[Start of Attachment]

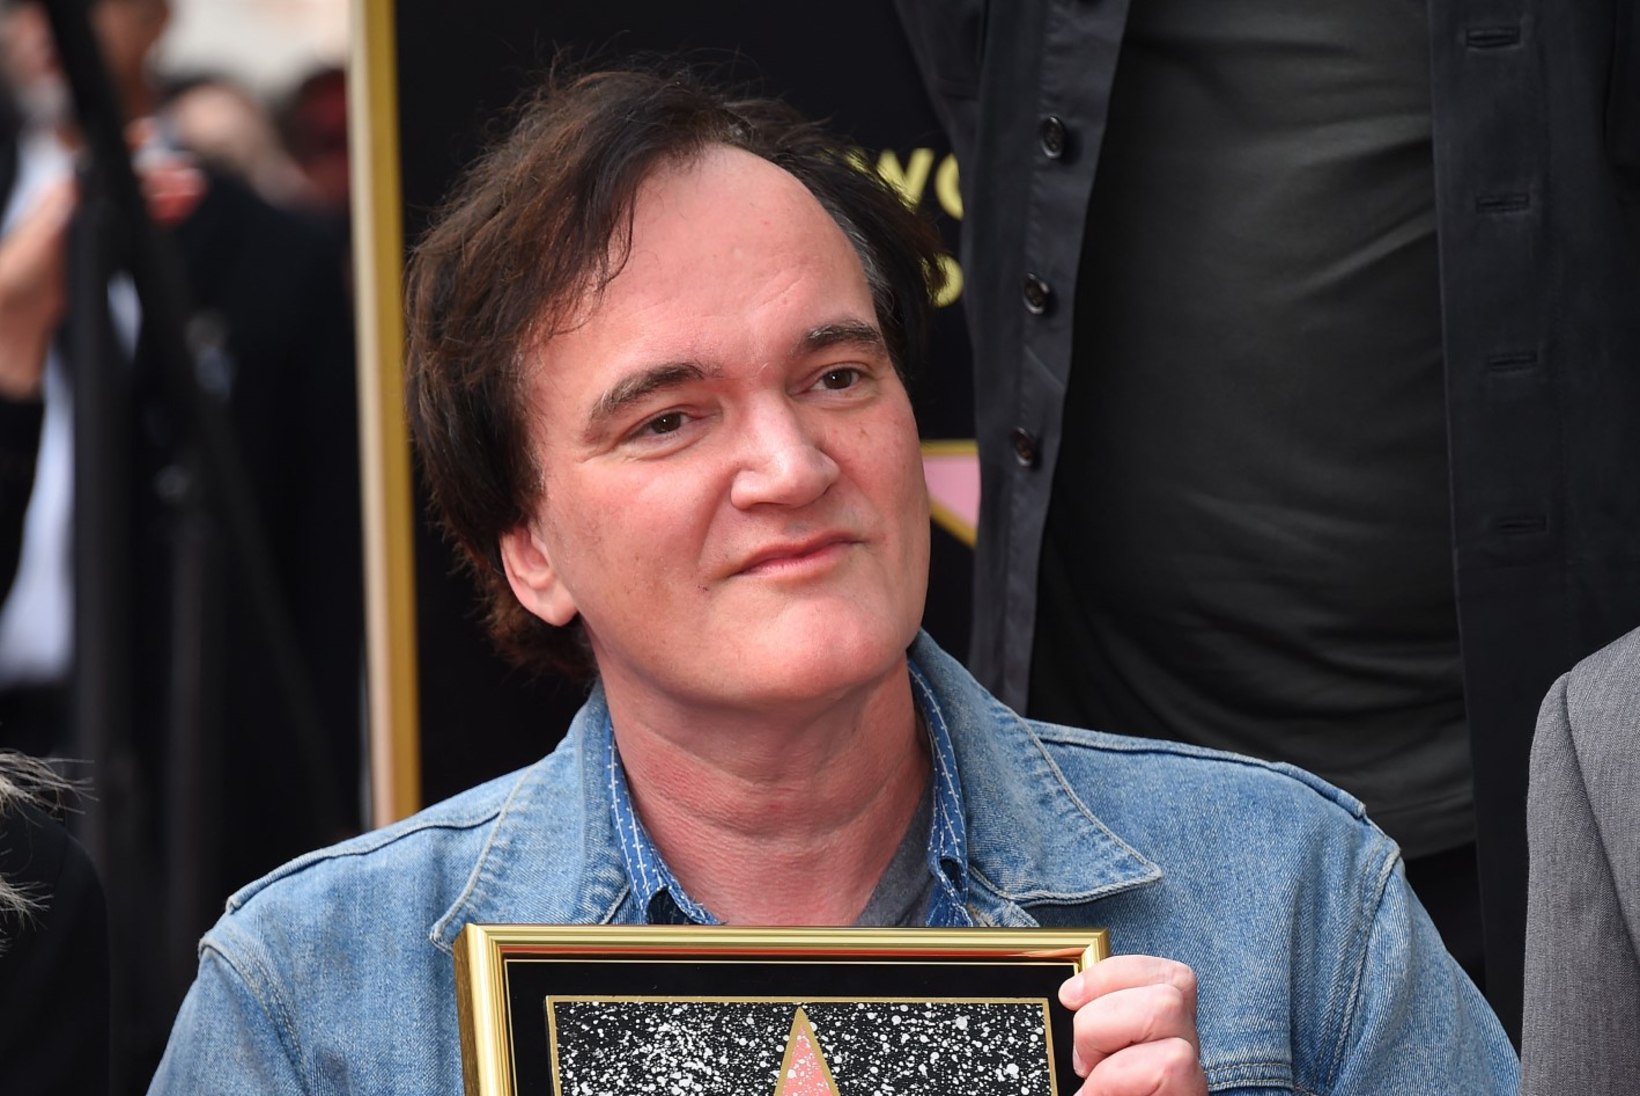 FOTOD | Quentin Tarantino sai tähe Hollywoodi kuulsuste alleel
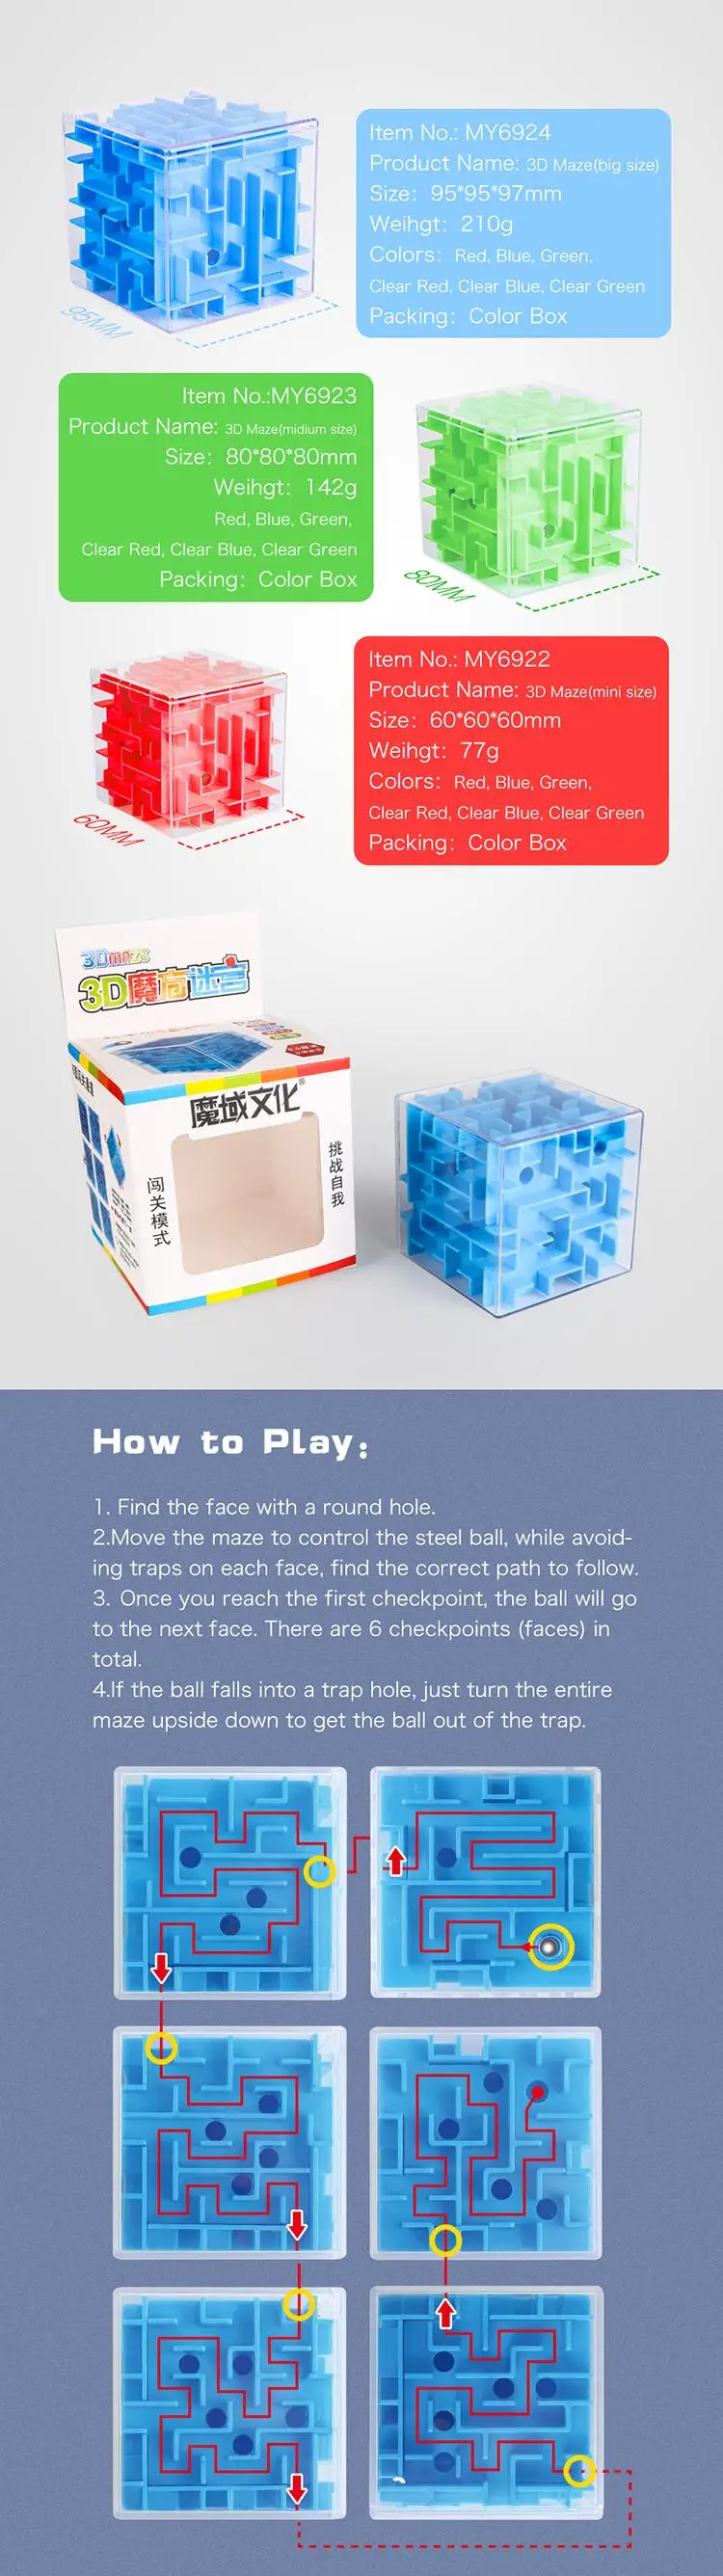 3D куб головоломка Лабиринт стальной шар игра игрушки чехол забавная игра для мозгов интеллектуальное улучшение баланса способность Развивающие игрушки для детей
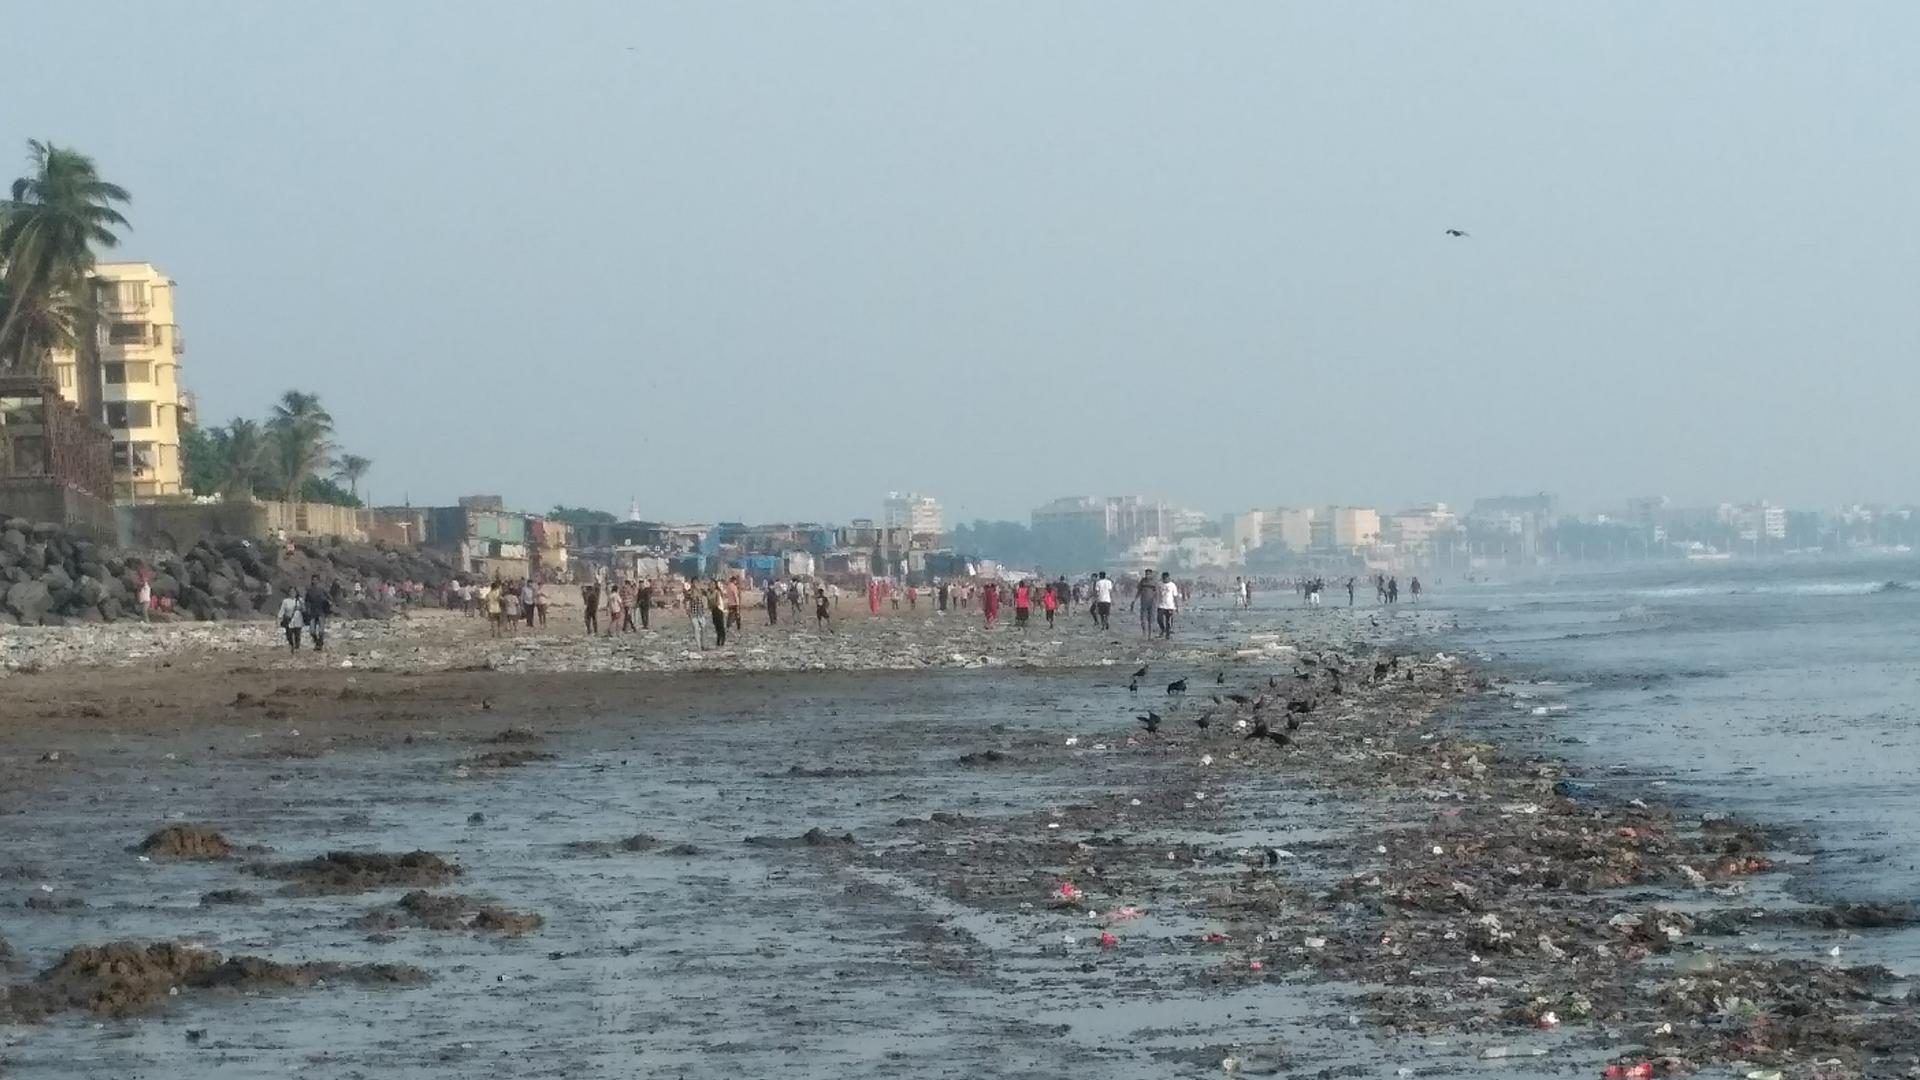 Versova beach, Mumbai
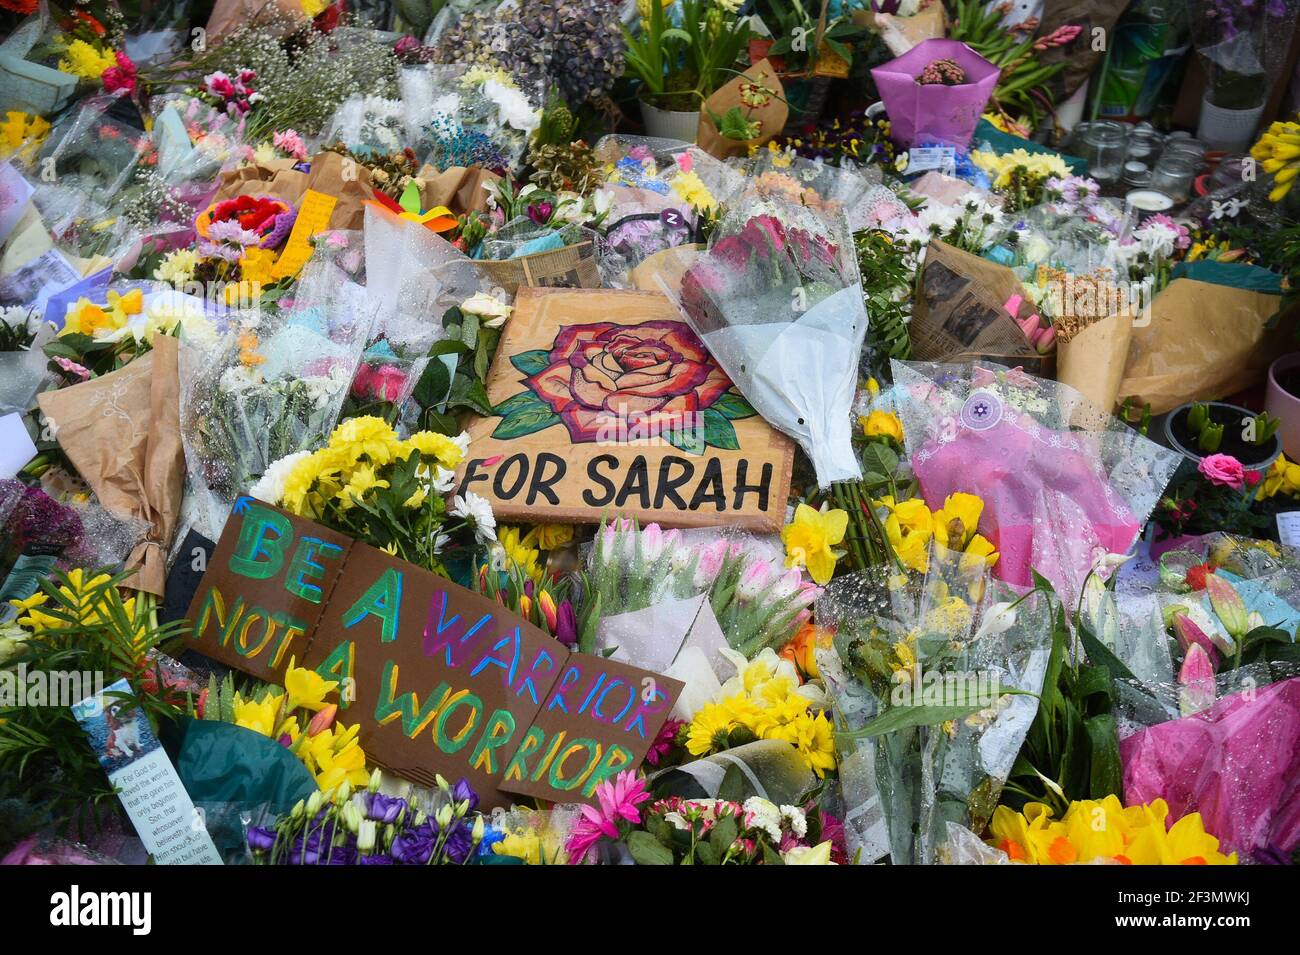 Homenajes florales dejados junto al bandstand en Clapham Common, Londres, para Sarah Everard. PC Wayne Couzens, de 48 años, apareció en The Old Bailey en Londres acusado del secuestro y asesinato de la joven de 33 años. Foto fecha: Martes 16 de marzo de 2021. Foto de stock

[End of Attachment]

* Directions for this task
What you need to copy is the run of lines from the one holding "Versova beach, Mumbai" through the end of the data, exactly and only, both ends included, pictures omitted.

* Answer for the task
 Versova beach, Mumbai
 Homenajes florales dejados junto al bandstand en Clapham Common, Londres, para Sarah Everard. PC Wayne Couzens, de 48 años, apareció en The Old Bailey en Londres acusado del secuestro y asesinato de la joven de 33 años. Foto fecha: Martes 16 de marzo de 2021. Foto de stock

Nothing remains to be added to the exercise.